In the case of minor children, the court can also decide on guardianship for the children, again by trying to arrange this in the best possible way for the children.
Usually, every jurisdiction has clear inheritance rules, but in most cases, the distribution of assets starts with the surviving spouse and living children.
In some cases, when the next of kin can’t be found, the state can become the owner of the estate.
How Much Does a Last Will and Testament Cost?
The first big differentiator when we speak about cost is whether a person would go with a holographic or a notarial will.
A holographic will is the cheapest option, as it practically incurs no cost – the person writes the will themself with their inheritance preferences. A notarial will incurs costs for the attorney who helps the person to craft the will, as well as the cost of a notary.

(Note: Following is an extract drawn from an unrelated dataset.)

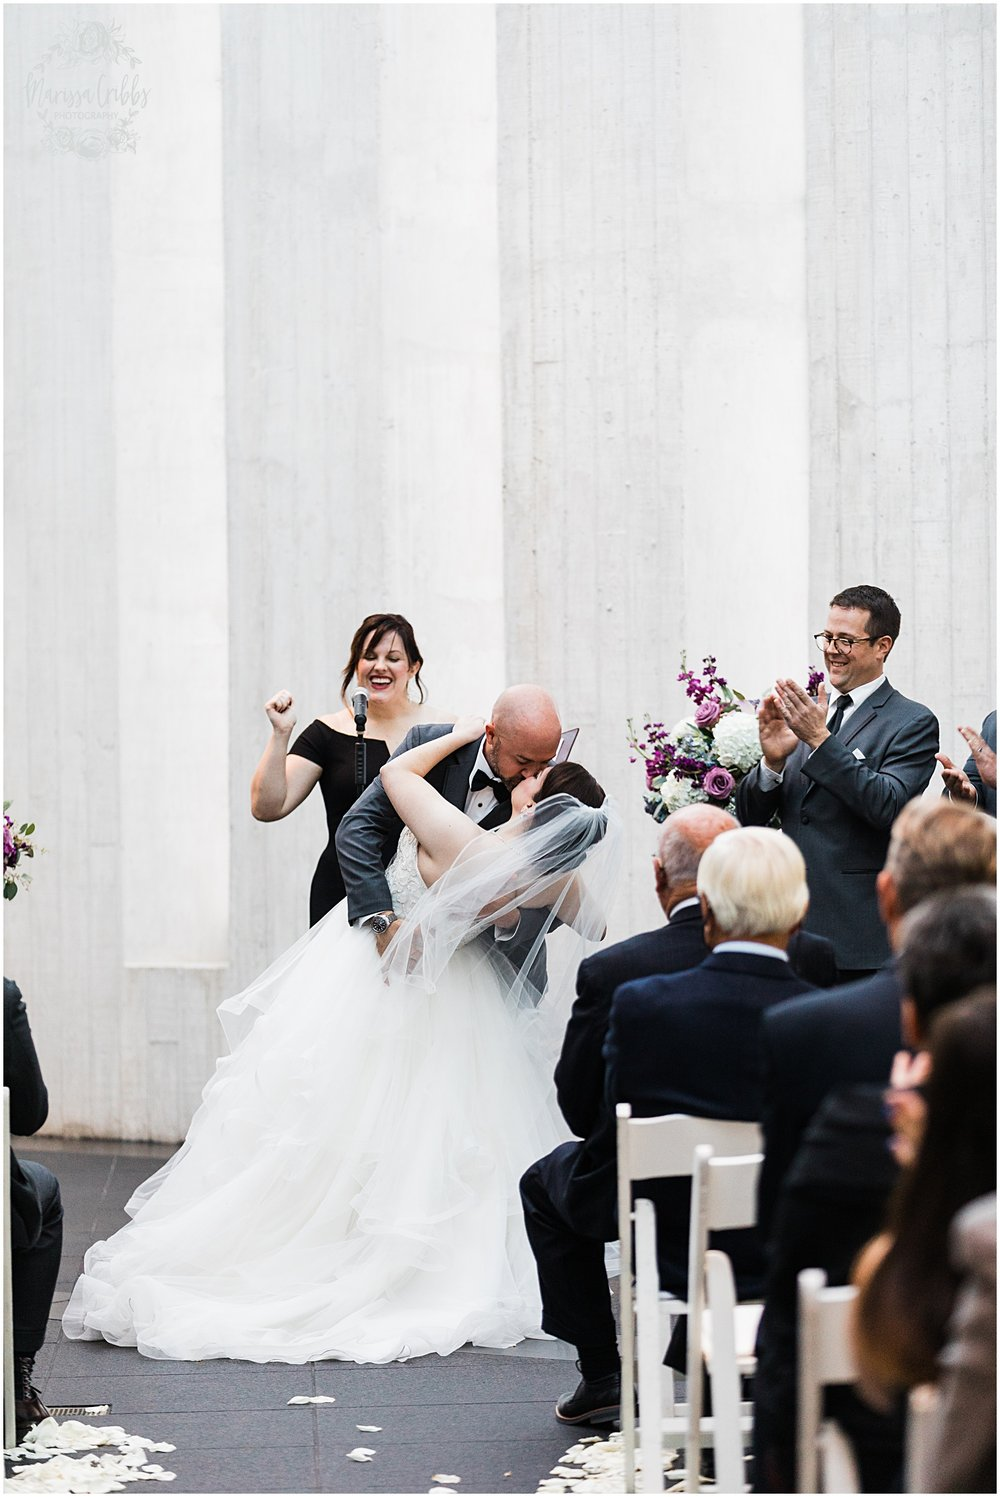 LAURA & DAN MARRIED | NELSON ATKINS MUSEUM | MARISSA CRIBBS PHOTOGRAPHY_7022.jpg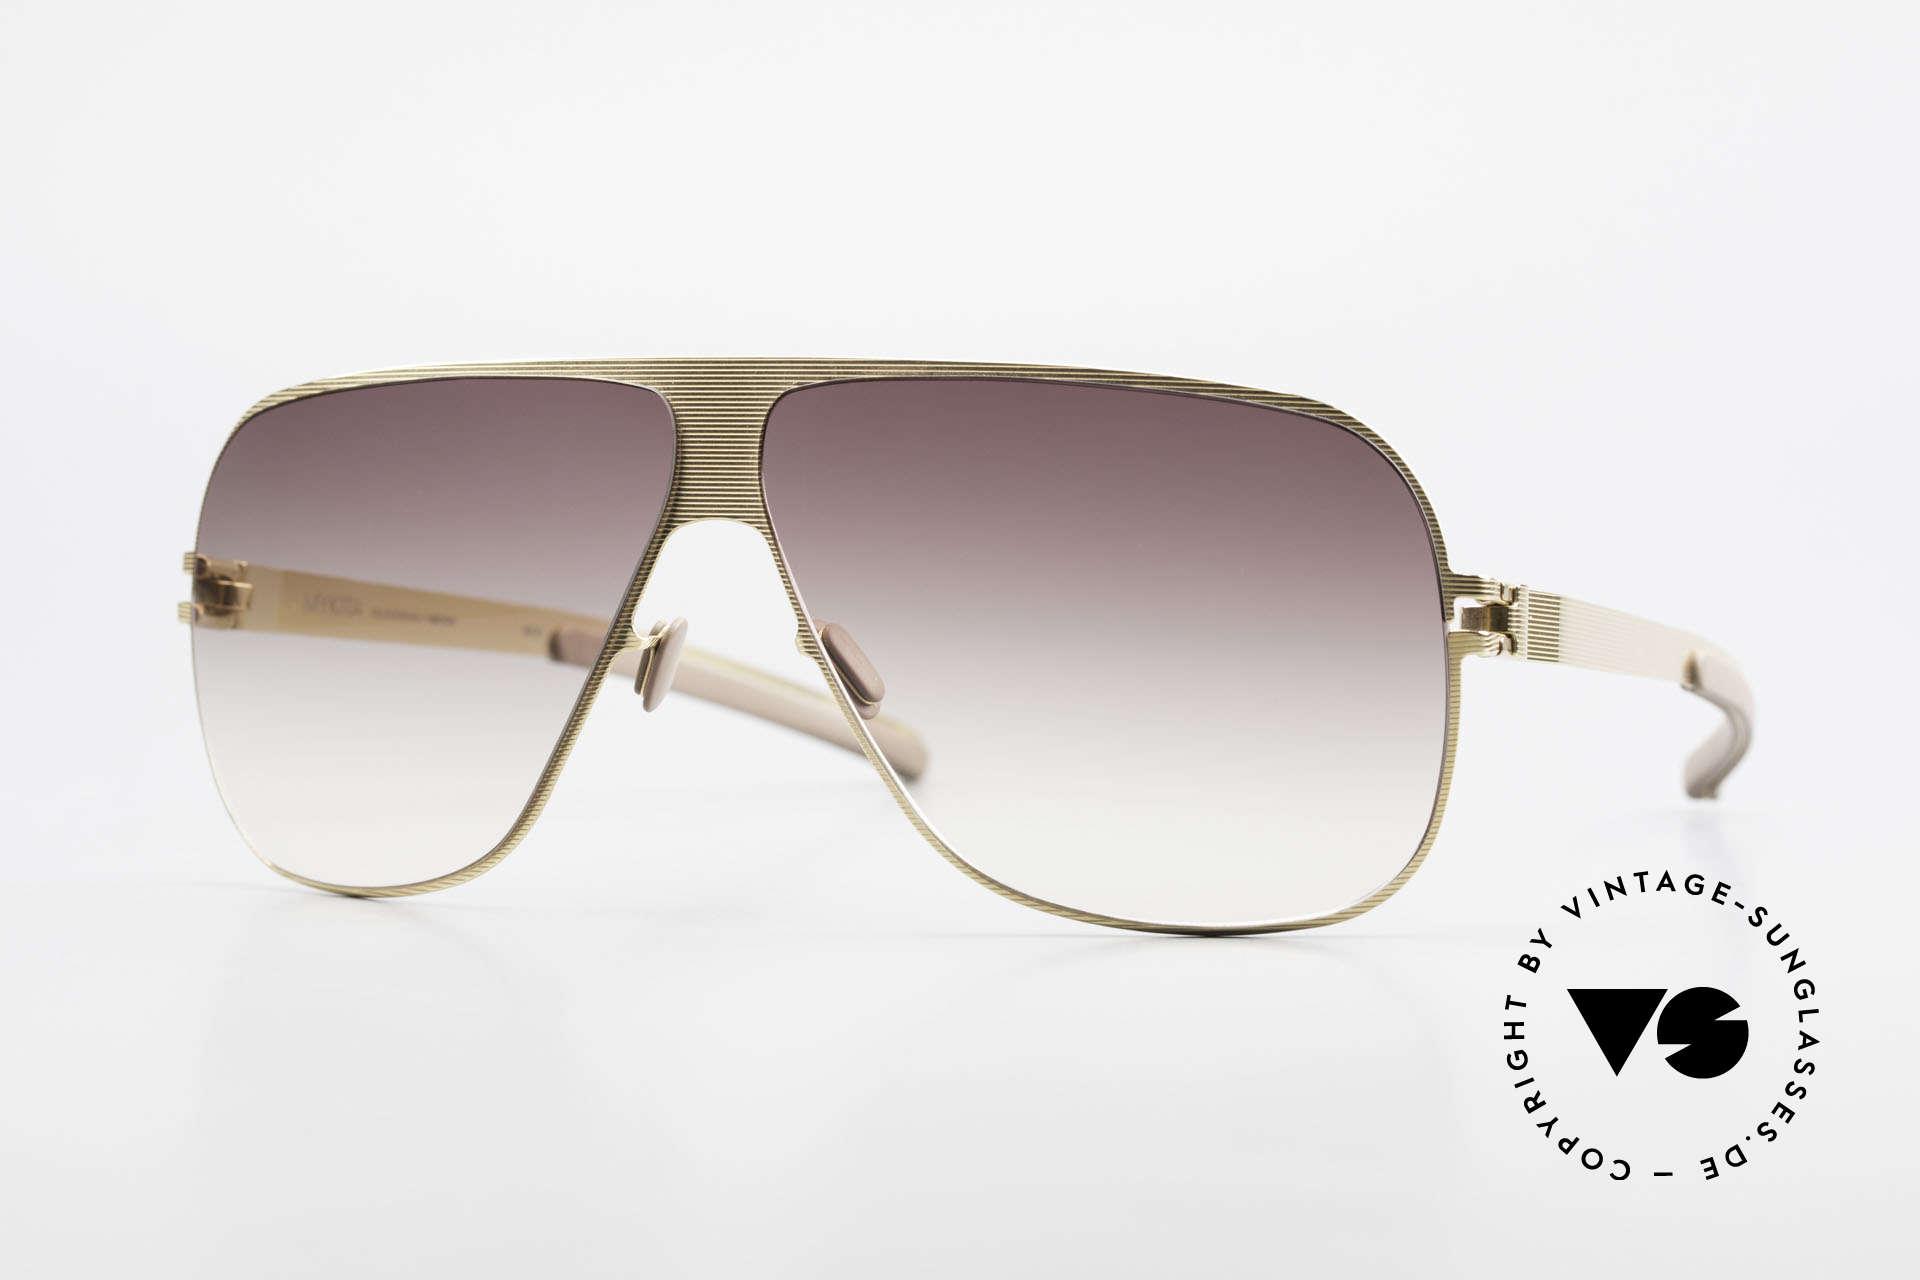 Mykita Hector Vintage Mykita Frame From 2009, original VINTAGE MYKITA men's sunglasses from 2009, Made for Men

In the case of a notarial will, the total cost largely depends on how complex the estate is – how many assets and how many types, the family situation, the inheritance preferences of the individual, and the geography where the last will and testament was prepared.
The cost can be lowered if the person uses an online will maker tool, which is becoming more and more popular. Online will makers usually charge less than a hundred dollars, while hiring a lawyer usually costs more than a thousand dollars.
You can always change your will, for example, if you acquire new assets which you want to include in your will, or if your family situation or beneficiary preferences change.
In this case, you have two options. If the changes are too many, you can write a new will altogether. Your new will will have precedence over your old wills. If your changes are not so many, you can decide to make a codicil.
A codicil is an update to your already existing will, a.k.a. an addendum. A codicil allows you to specify changes to an already existing will, e.g., if you want to change only certain parts of the will. A codicil can be made only by the person who created the will.